*** Opening DATA SECTION ***

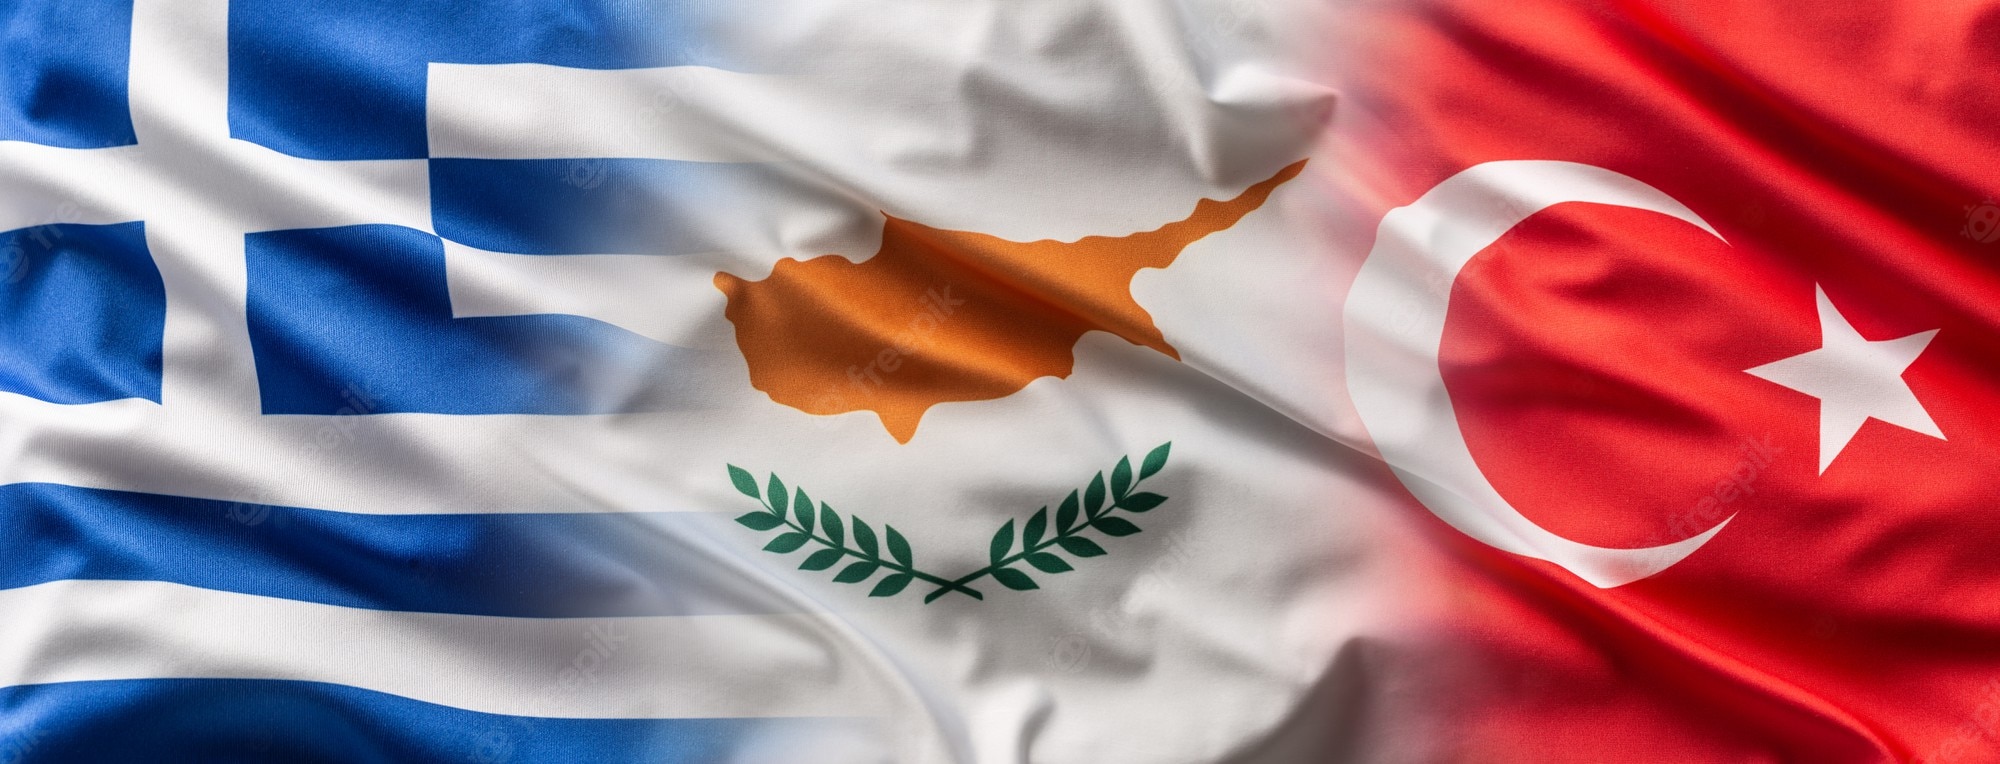 greece cyprus turkey flags blowing wind 341862 748
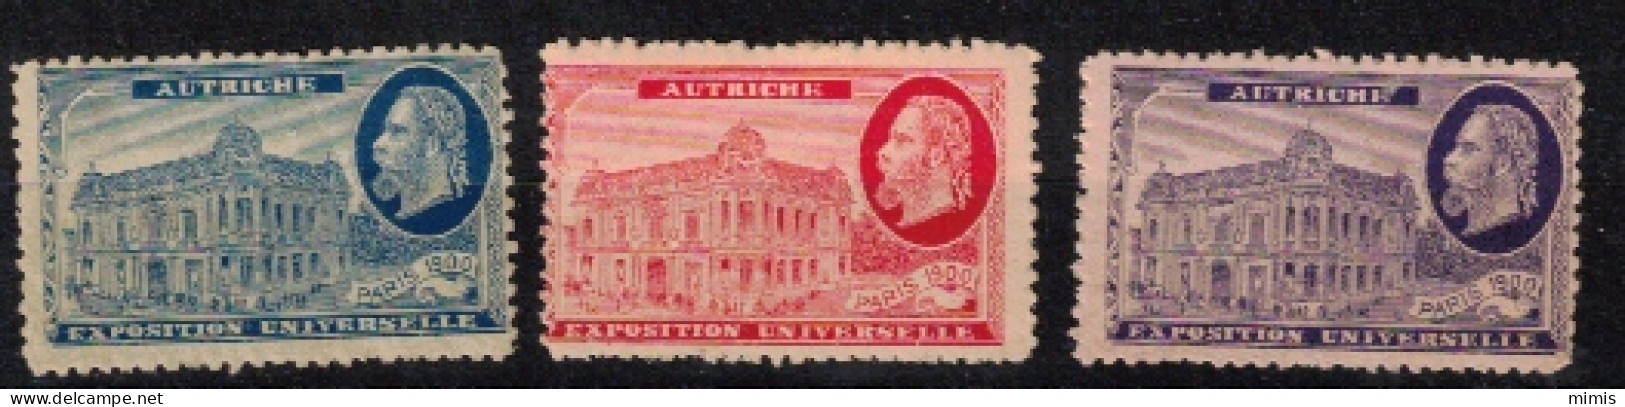 FRANCE     VIGNETTES      Exposition Universelle Paris 1900     Autriche - Turismo (Viñetas)
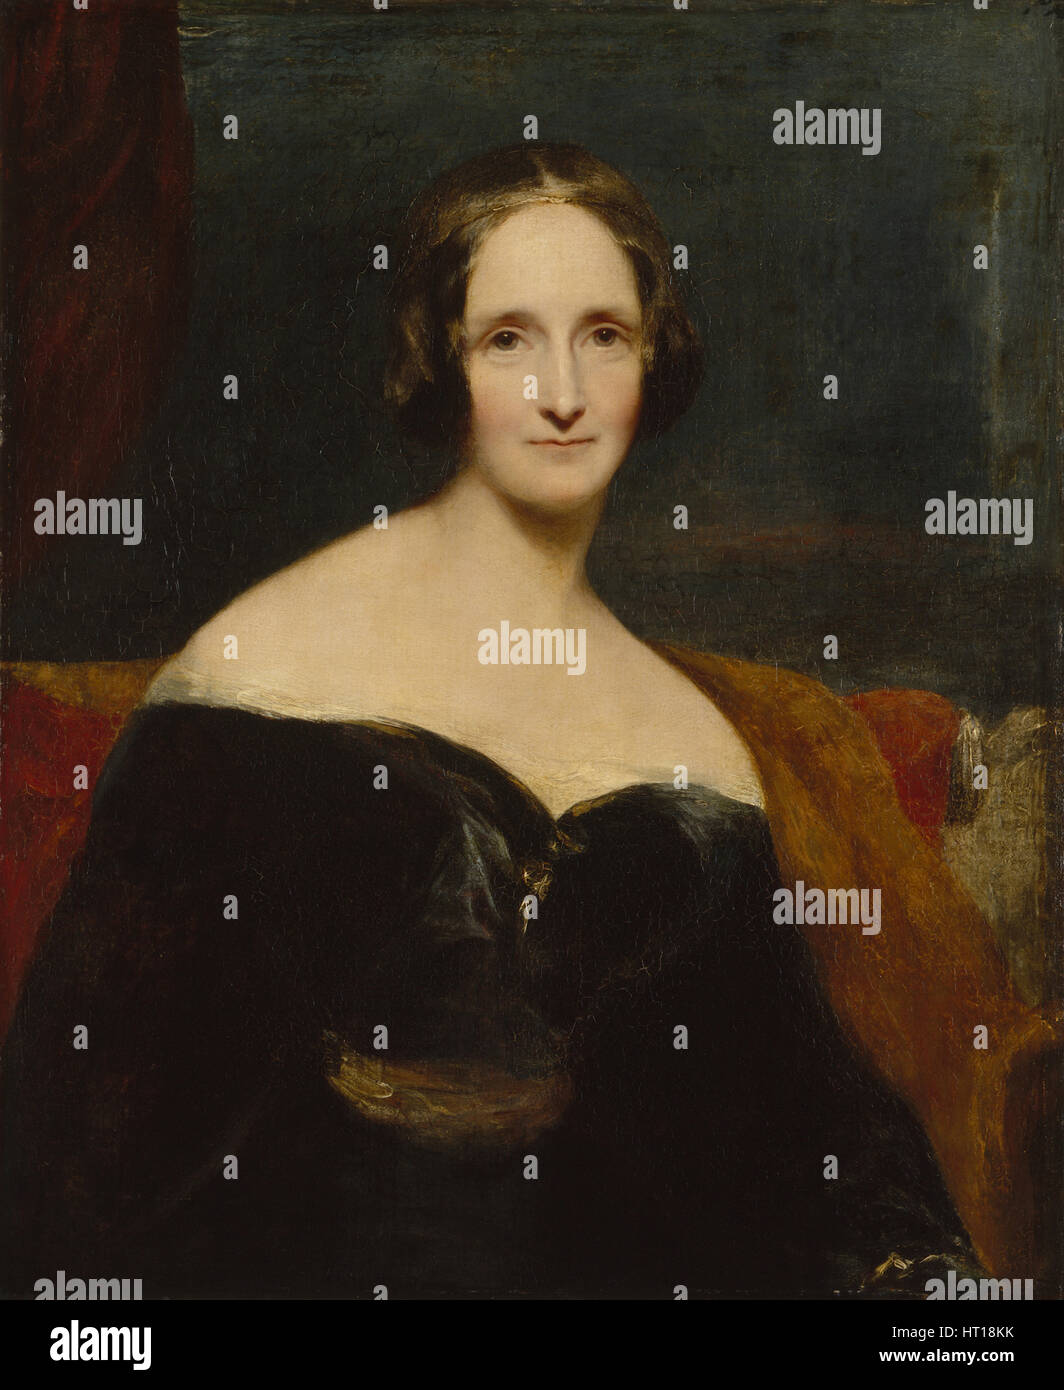 Mary Shelley, 1840. Artista: Rothwell, Richard (1800-1868) Foto Stock
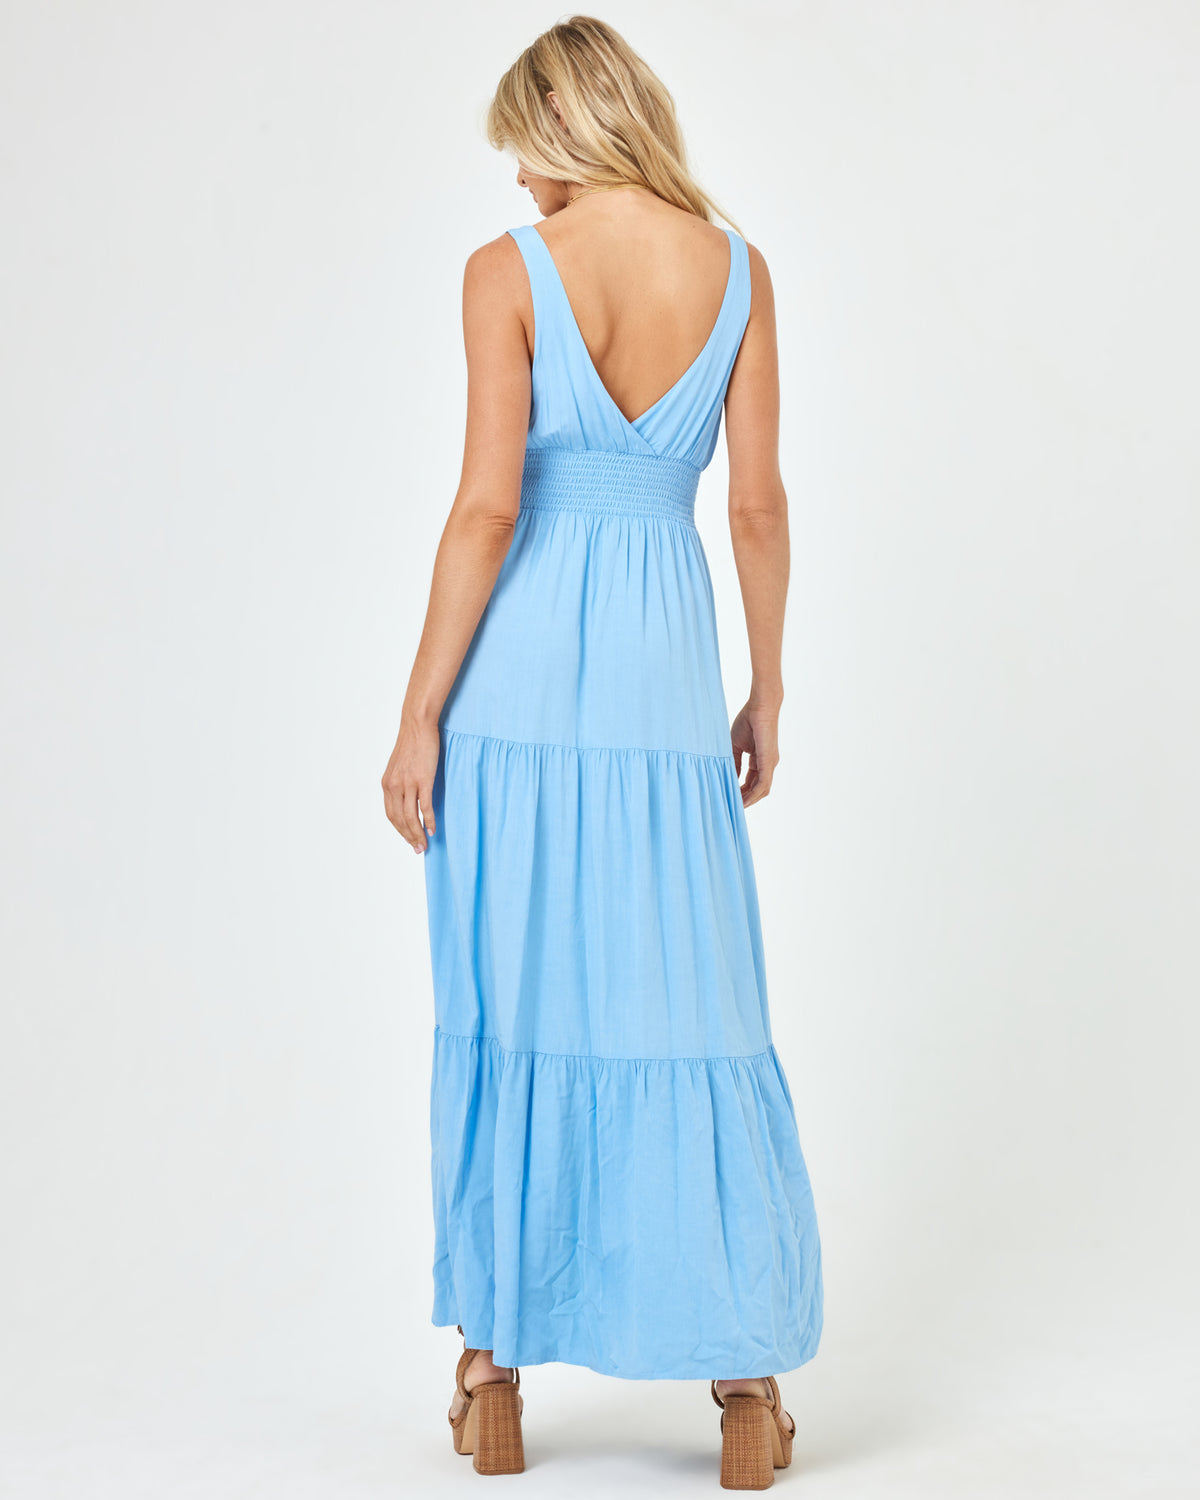 Lilikoi Dress - Aura Aura | Model: Lura (size: S)

*** Closing DATA SECTION ***

Pick up at the line containing "- Turismo (Viñetas)" and copy each line exactly until the data ends, including that last line; copy no pictures.

 FRANCE     VIGNETTES      Exposition Universelle Paris 1900     Autriche - Turismo (Viñetas)
 Mary Shelley, 1840. Artista: Rothwell, Richard (1800-1868) Foto Stock
 Lilikoi Dress - Aura Aura | Model: Lura (size: S)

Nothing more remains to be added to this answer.